_EXERCISE REQUIREMENTS_.
Nothing but the lines from the one containing "Somersby Falls Picnic" through the one containing "Bandar Casino Online Indonesia Terpercaya", both included, should be given again, each exactly as written below.

_PROVIDED DATA_.
- Opening Delimiter -

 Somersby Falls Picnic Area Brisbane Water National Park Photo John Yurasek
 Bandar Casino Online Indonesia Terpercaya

- Closing Delimiter -
- Opening Delimiter -

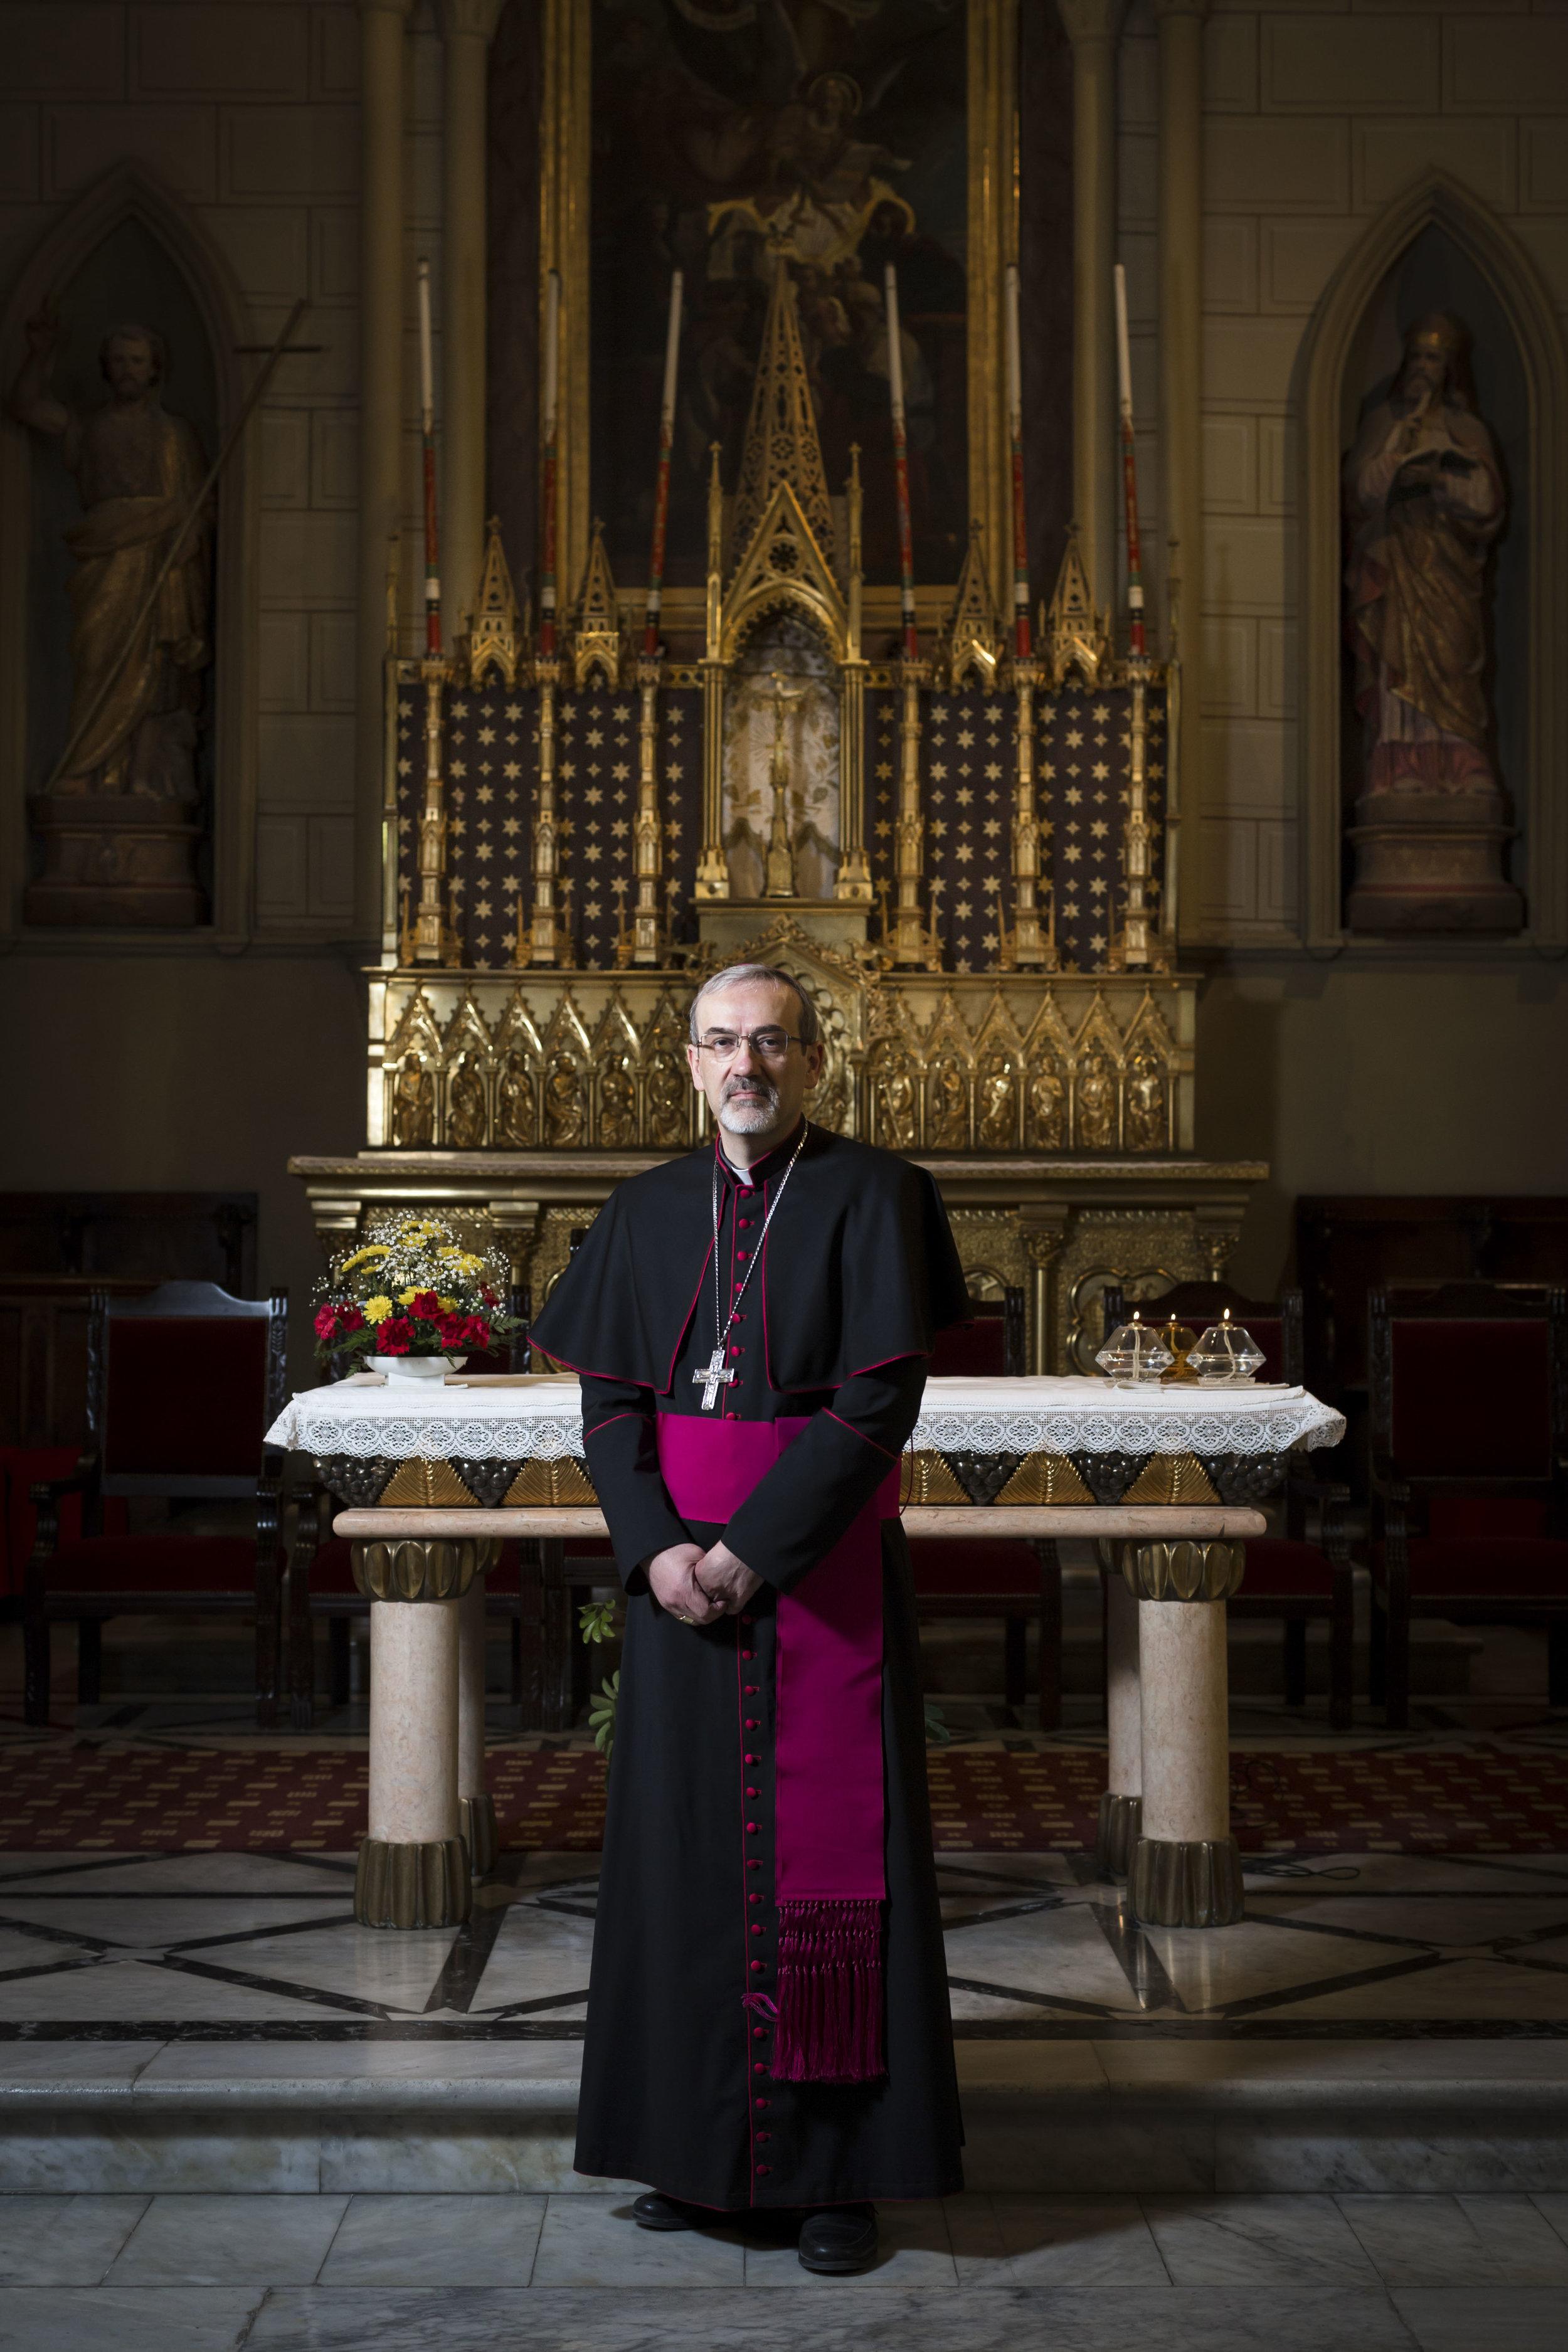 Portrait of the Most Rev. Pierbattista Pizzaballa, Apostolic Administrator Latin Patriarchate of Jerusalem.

- Closing Delimiter -
- Opening Delimiter -

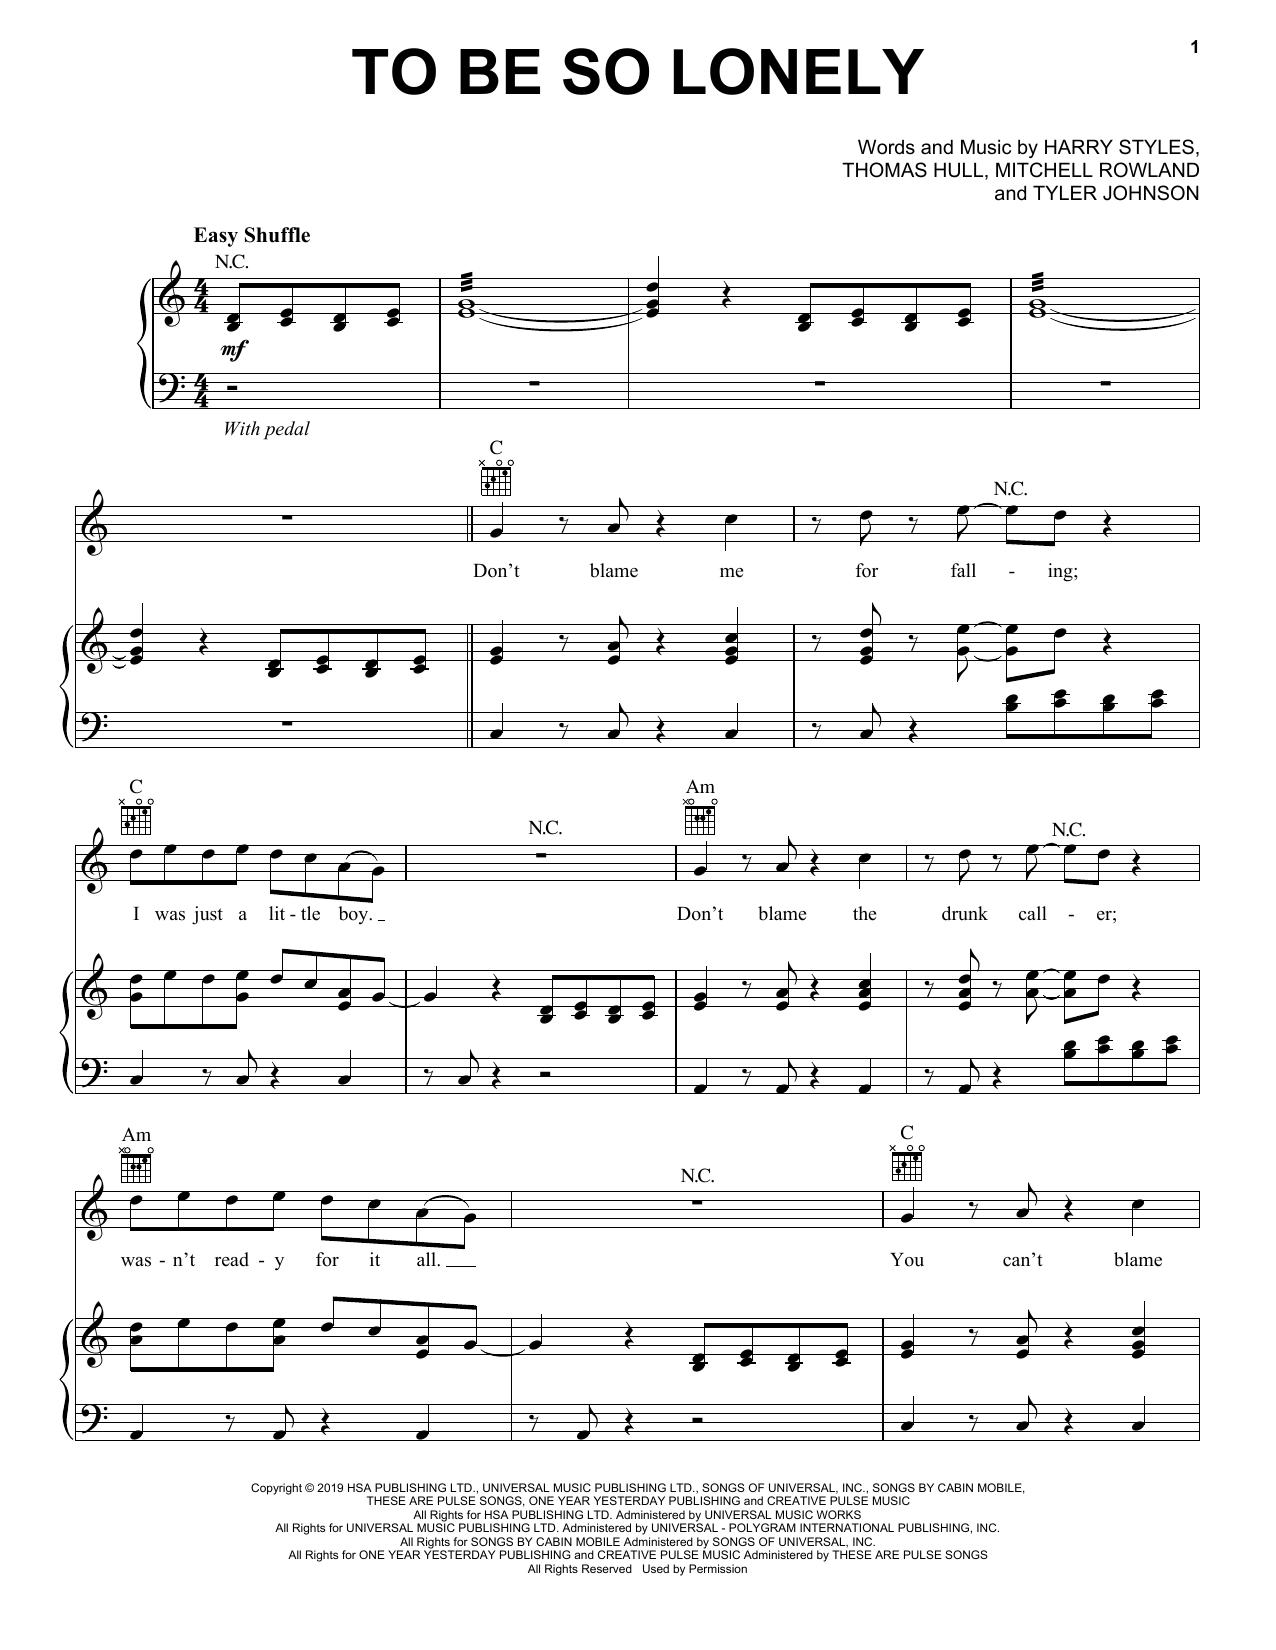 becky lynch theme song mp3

- Closing Delimiter -

_OUTPUT OF THE TASK_.
 Somersby Falls Picnic Area Brisbane Water National Park Photo John Yurasek
 Bandar Casino Online Indonesia Terpercaya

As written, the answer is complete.